**Work required:**
Would you copy the entries that follow exactly, leaving out every picture?

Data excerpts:
=== Begin Enclosure ===

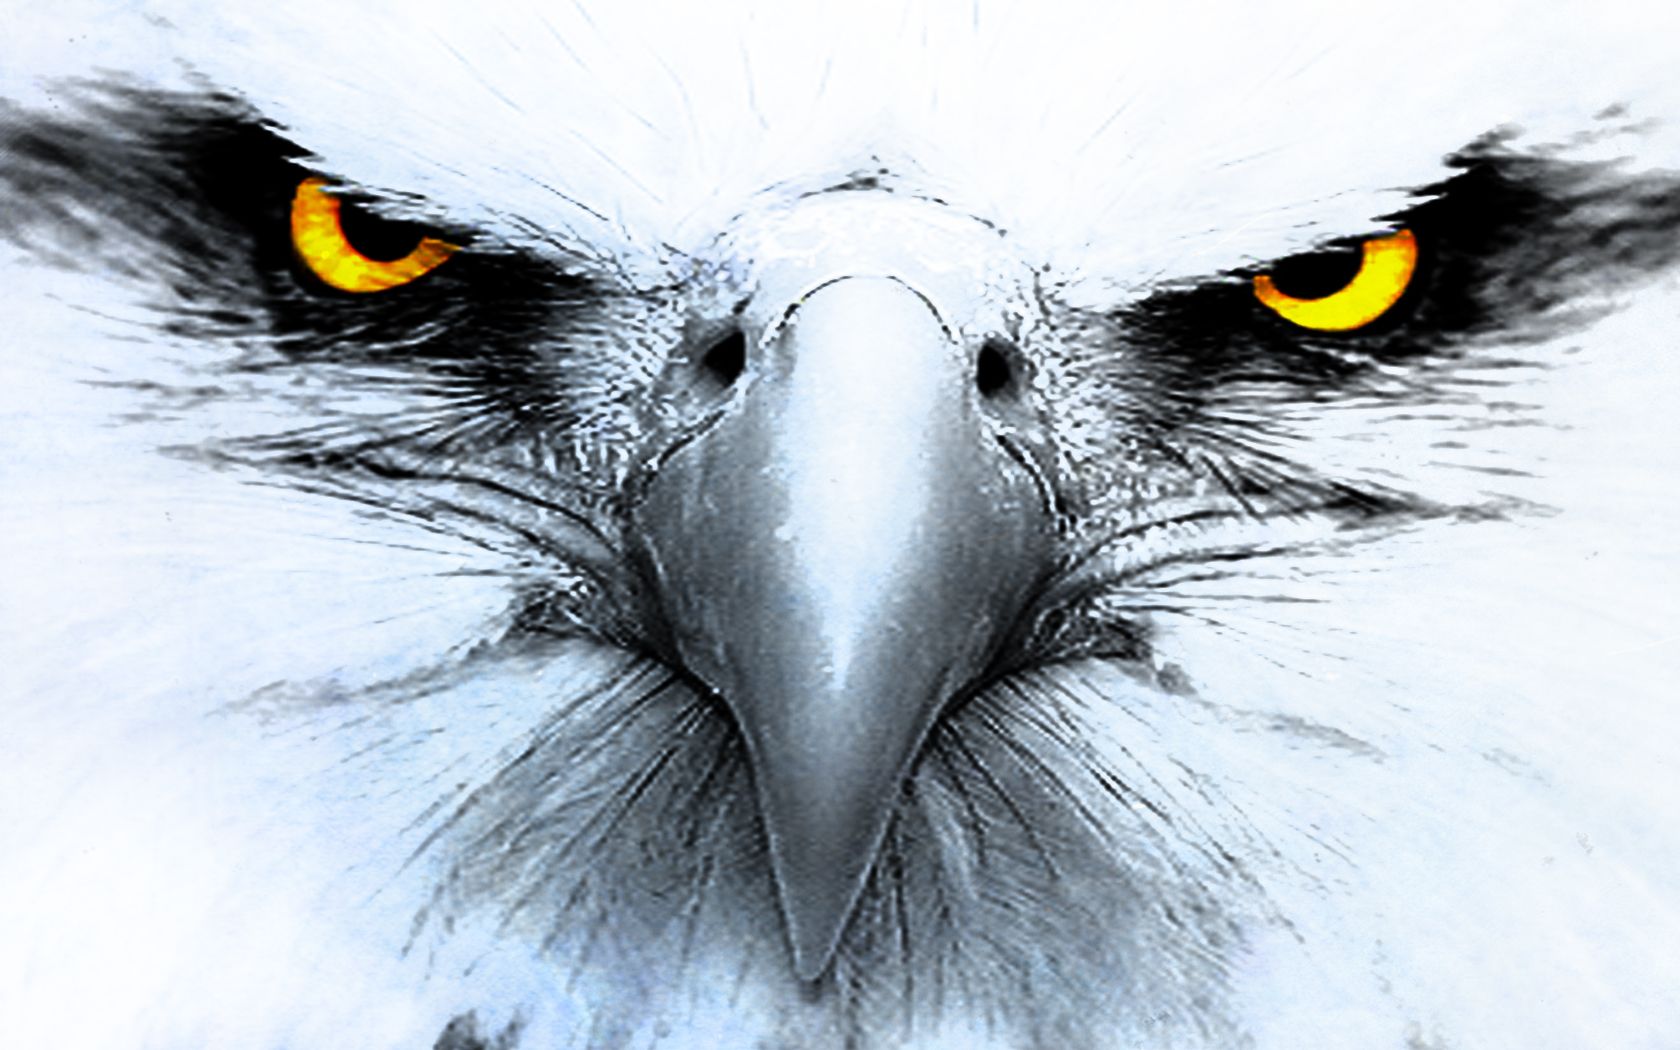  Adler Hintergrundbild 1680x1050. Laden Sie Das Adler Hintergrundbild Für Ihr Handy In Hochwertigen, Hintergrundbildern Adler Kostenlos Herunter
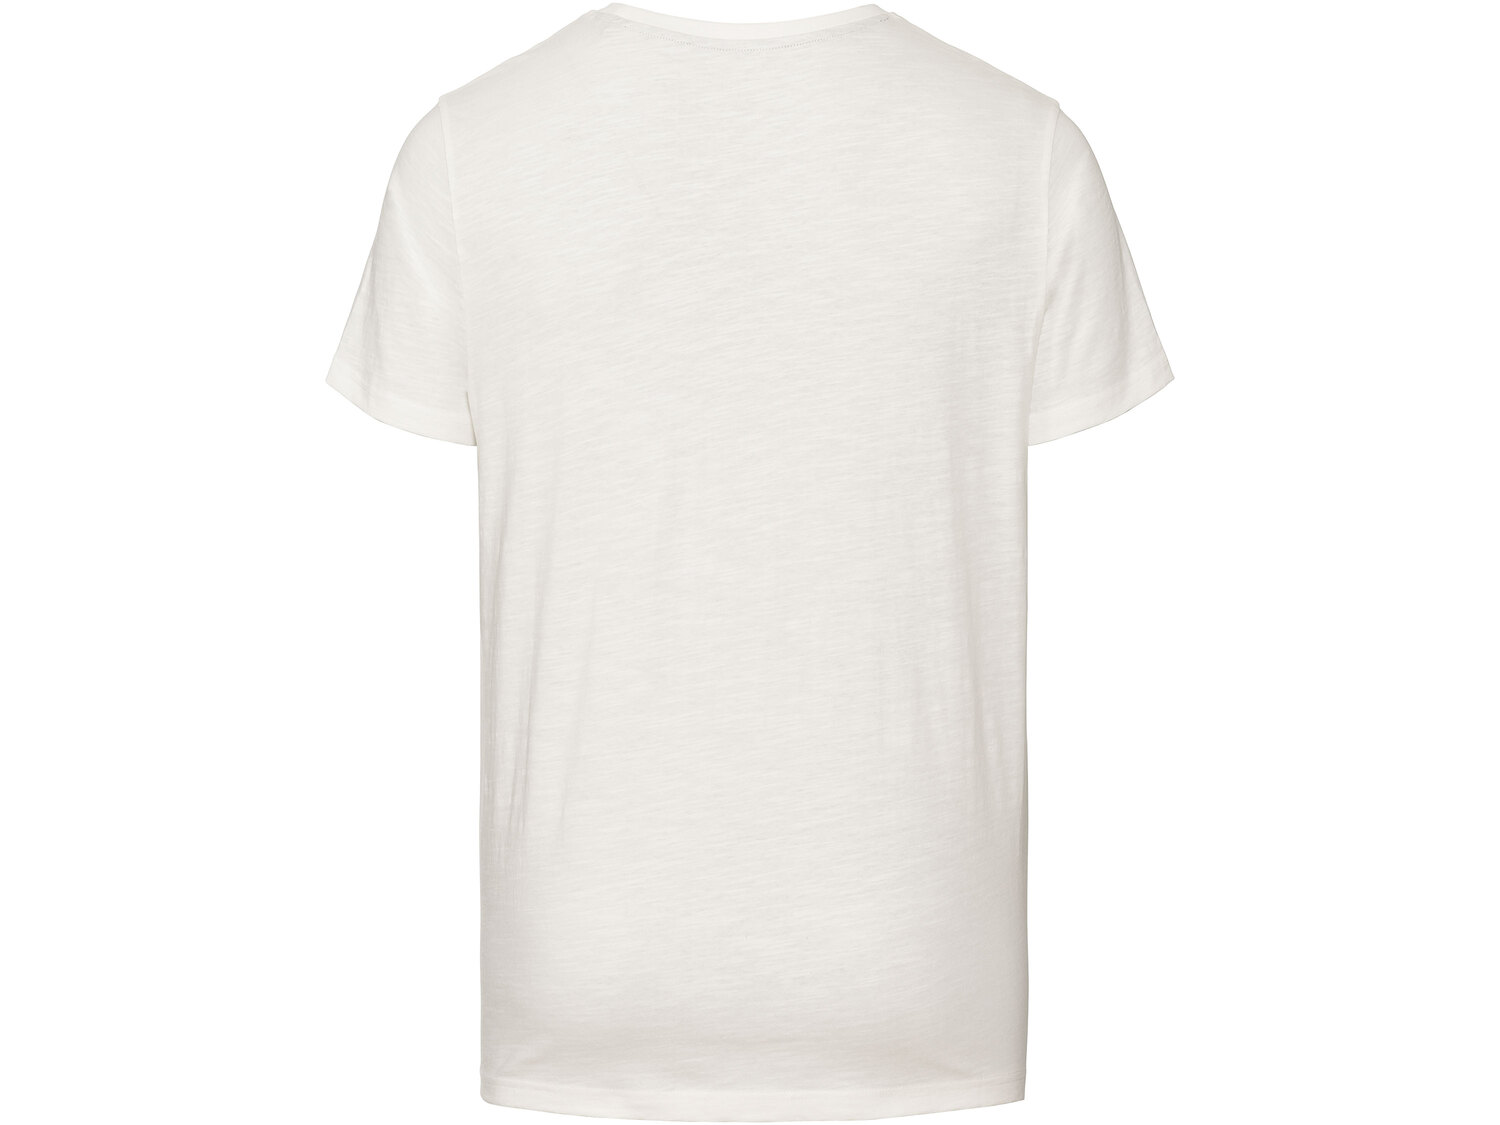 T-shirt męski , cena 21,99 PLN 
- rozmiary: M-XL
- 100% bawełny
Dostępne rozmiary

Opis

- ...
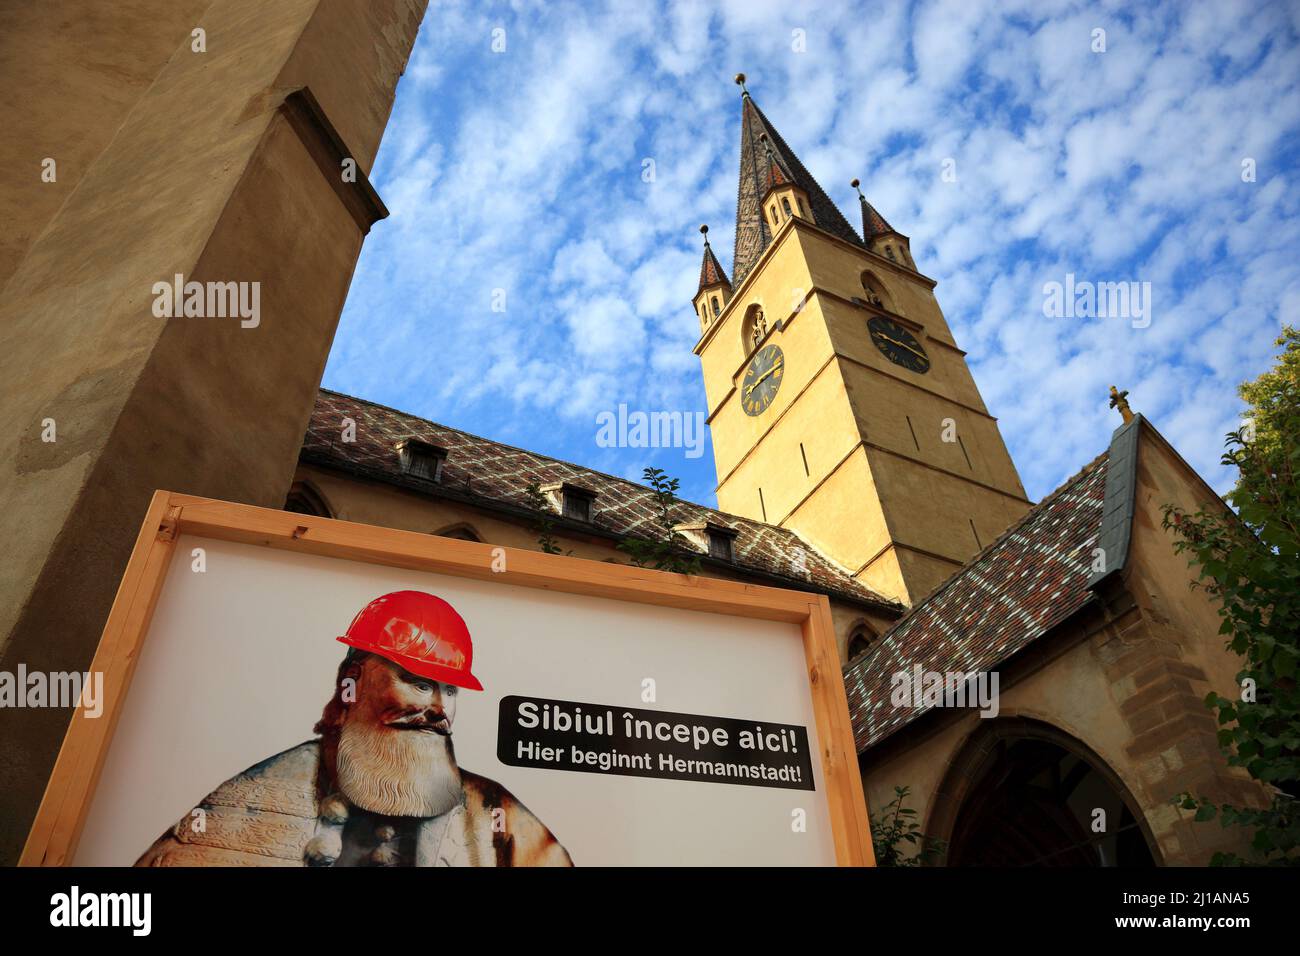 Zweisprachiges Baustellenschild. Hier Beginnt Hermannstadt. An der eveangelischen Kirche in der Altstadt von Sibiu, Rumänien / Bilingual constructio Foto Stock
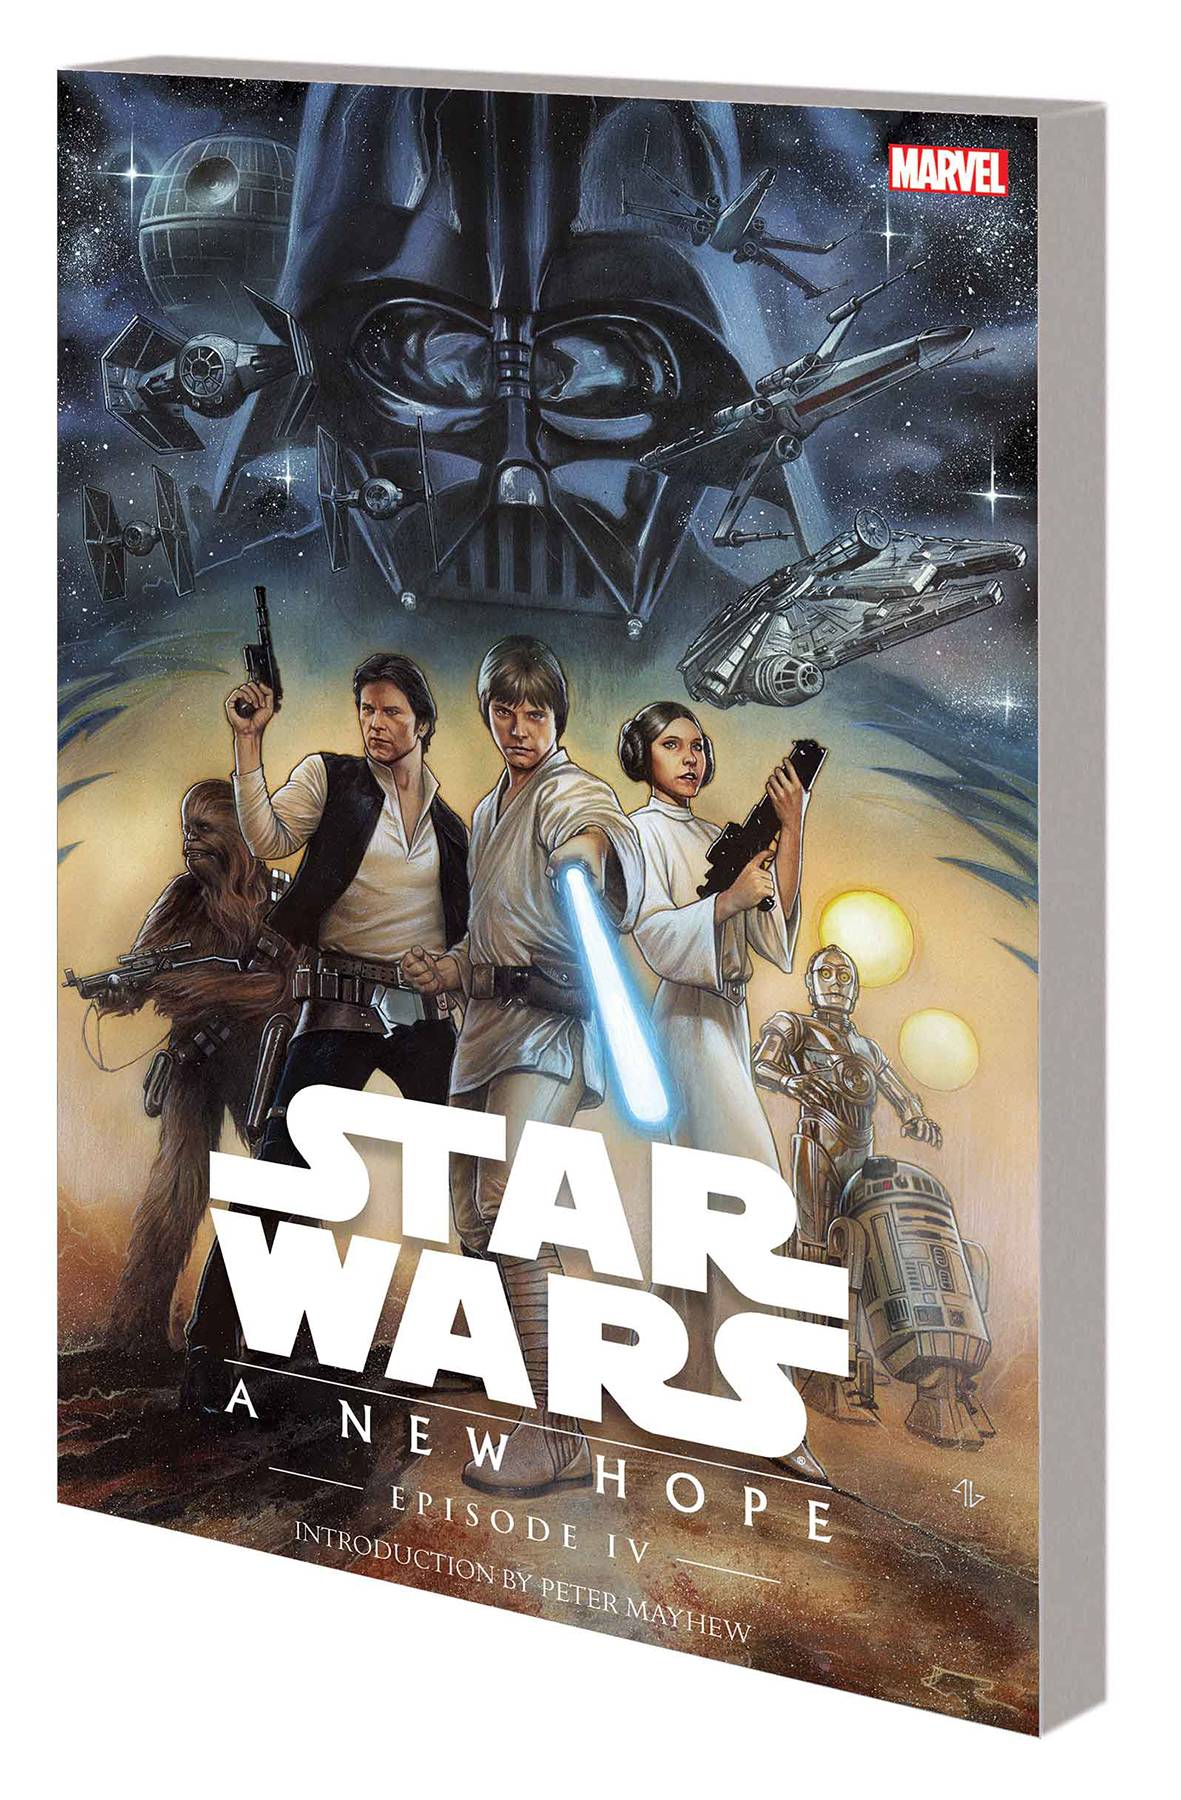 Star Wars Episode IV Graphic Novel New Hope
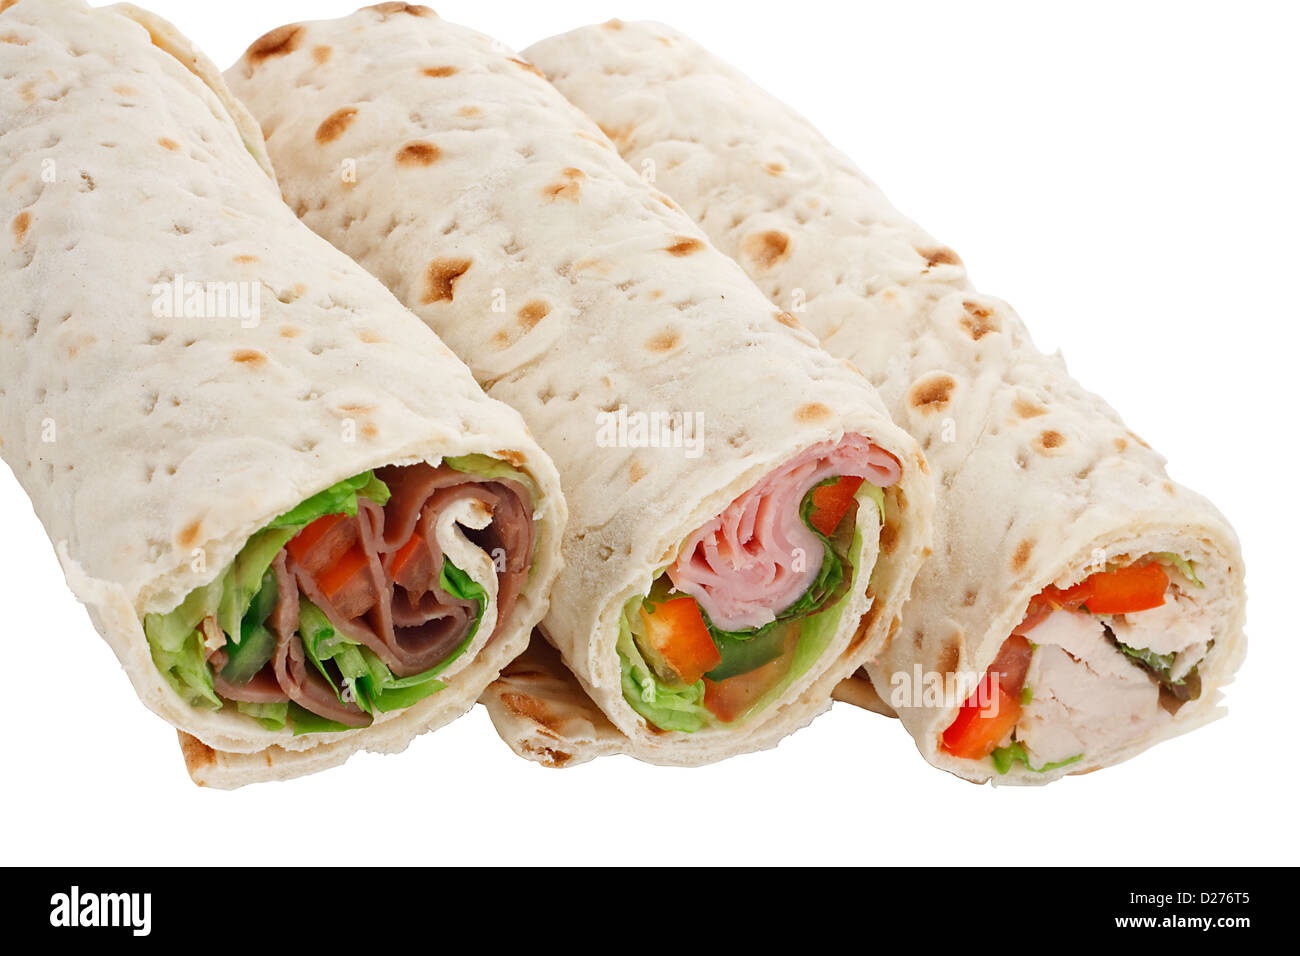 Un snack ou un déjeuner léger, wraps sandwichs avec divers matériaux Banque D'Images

=== End Enclosure ===

**Result for this exercise:**
  Adler Hintergrundbild 1680x1050. Laden Sie Das Adler Hintergrundbild Für Ihr Handy In Hochwertigen, Hintergrundbildern Adler Kostenlos Herunter
 T-shirt męski , cena 21,99 PLN 
- rozmiary: M-XL
- 100% bawełny
Dostępne rozmiary

Opis

- ...
 Zweisprachiges Baustellenschild. Hier Beginnt Hermannstadt. An der eveangelischen Kirche in der Altstadt von Sibiu, Rumänien / Bilingual constructio Foto Stock
 Star Wars Episode IV Graphic Novel New Hope
 Un snack ou un déjeuner léger, wraps sandwichs avec divers matériaux Banque D'Images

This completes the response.